For a surface to contribute to static GI, it must have the Lighting Mode set to Static or have the Cast Global Illumination option enabled in the Advanced Lighting Mode.
For selective group-based shading when baking lightmaps, adjust the Viewport Masks. A surface will be visible for the lightmapper only if its Viewport Mask matches the Baking Viewport Masks of the Bake Lighting window.
It is not recommended to bake unique lightmaps for objects stored in multiple Node References that refer to the same .node asset — the assigned lightmaps will be lost. However, you can save a lightmapped object to a node reference after baking and clone, if needed.-
Finally, set up light sources in the scene:
- For light sources that should contribute to lightmapping, select the Static mode, Dynamic lights will be ignored. Only indirect lighting from lights is baked into lightmaps, so light sources are to be kept enabled to provide direct lighting and specular highlights.

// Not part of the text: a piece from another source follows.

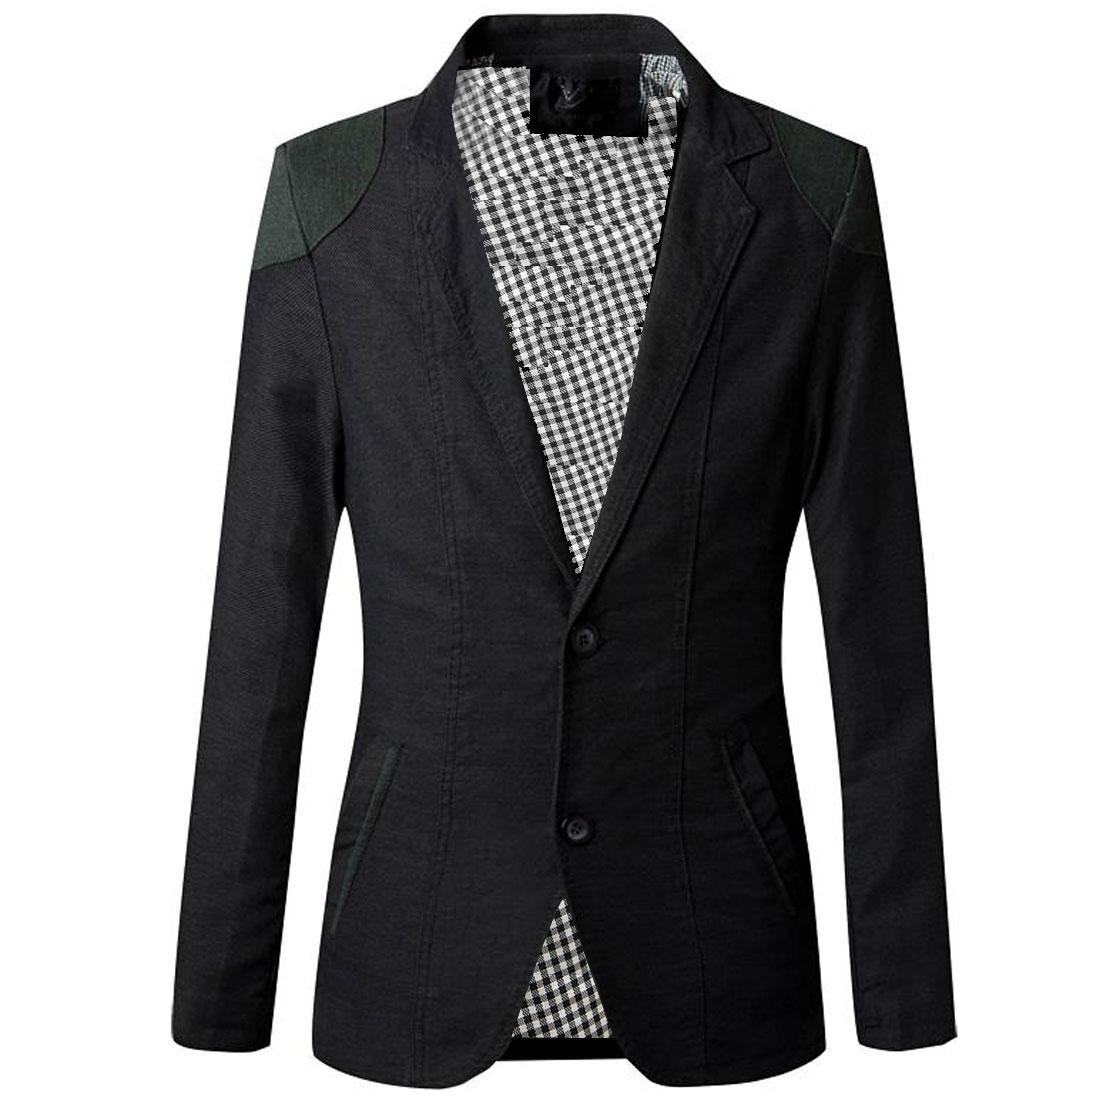 Men Two Button Long Sleeve Plaids Lining Panel Blazer Black S

- For emissive surfaces (having Emission state in the material parameters enabled) also enable the Emission Bake GI option. Both direct and indirect (bounced) lighting from emissive materials is baked into lightmaps.
- Lighting from Voxel and Environment Probes is not considered.

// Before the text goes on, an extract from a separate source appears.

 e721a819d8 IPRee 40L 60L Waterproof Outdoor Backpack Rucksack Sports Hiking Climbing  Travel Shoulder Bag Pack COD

- Proceed to light baking.
Levels of Detail#
There is no need to bake a separate lightmap for each level of detail. You can save space and time by sharing already baked lightmaps between different LODs (works for LODs having the same UV maps):
- Prepare a matching UV mapping in your modeling software to ensure that the lightmap is consistently mapped to similar parts of geometry.
- Make sure to uncheck automatic unwrapping in the import settings of the model to keep the prepared UVs.
- Select the Bake Unique Texture mode for LOD 0.
- Select the Reuse Texture From Other Surface mode for all other LODs that will share its lightmap. Specify the LOD 0 in their Surface parameter.
- Proceed to light baking to bake the lightmap for the LOD 0.
- The lightmap texture baked for LOD 0 will be automatically used for the other LODs.
Baking#
- Enable the Lightmap buffer: Rendering -> Buffers -> Lightmap.
- Open the Bake Lighting window.
- Enable Bake Lightmaps for Surfaces. Adjust the baking settings:
- Set up the Baking Viewport Masks.
- Select the desired baking Quality. The Draft option provides the shortest baking time and is suitable for development iterations, while the Ultra quality engages the biggest possible number of light rays to be simulated and the best sampling resolution.
- Adjust the Far Clipping Distance for simulated light rays.
- Adjust the Common Settings:
- Select the number of light ray bounces. Higher values will result in a brighter lighting since each surface receives more photons.
- Set the number of samples calculated per frame. This parameter is available for adjustment during baking process.
- Start baking process by clicking Bake All Lighting and wait for it to finish. Live preview is available. Several iterations (one per bounce) will be simulated for each affected surface.
You can stop the process at any moment by using the Stop button and you will be prompted to keep the achieved result or restore the previous textures.
- Upon completion, generated lightmaps will be saved in the bake_lighting/lightmaps folder and applied to the corresponding surfaces.
- In the materials settings of lightmapped surfaces, consider enabling the Lightmap Cubic Filtering option for better quality.
- As a matter of fine-adjustment, tweak the Lightmap Color parameter.
You can check the result by selecting the Baked Lightmap mode in the Rendering Debug.
If you are not satisfied with results on certain objects, you can select surfaces and/or nodes and perform partial re-bake using different settings by clicking Bake Selected in the Bake Lighting window.
Objects with lightmaps assigned are free to be transformed and cloned (even though it is going to break consistency of lighting). The Bake Unique Texture mode ensures that re-baking lighting for several clones that have the same lightmap assigned will generate a separate lightmap texture for each surface.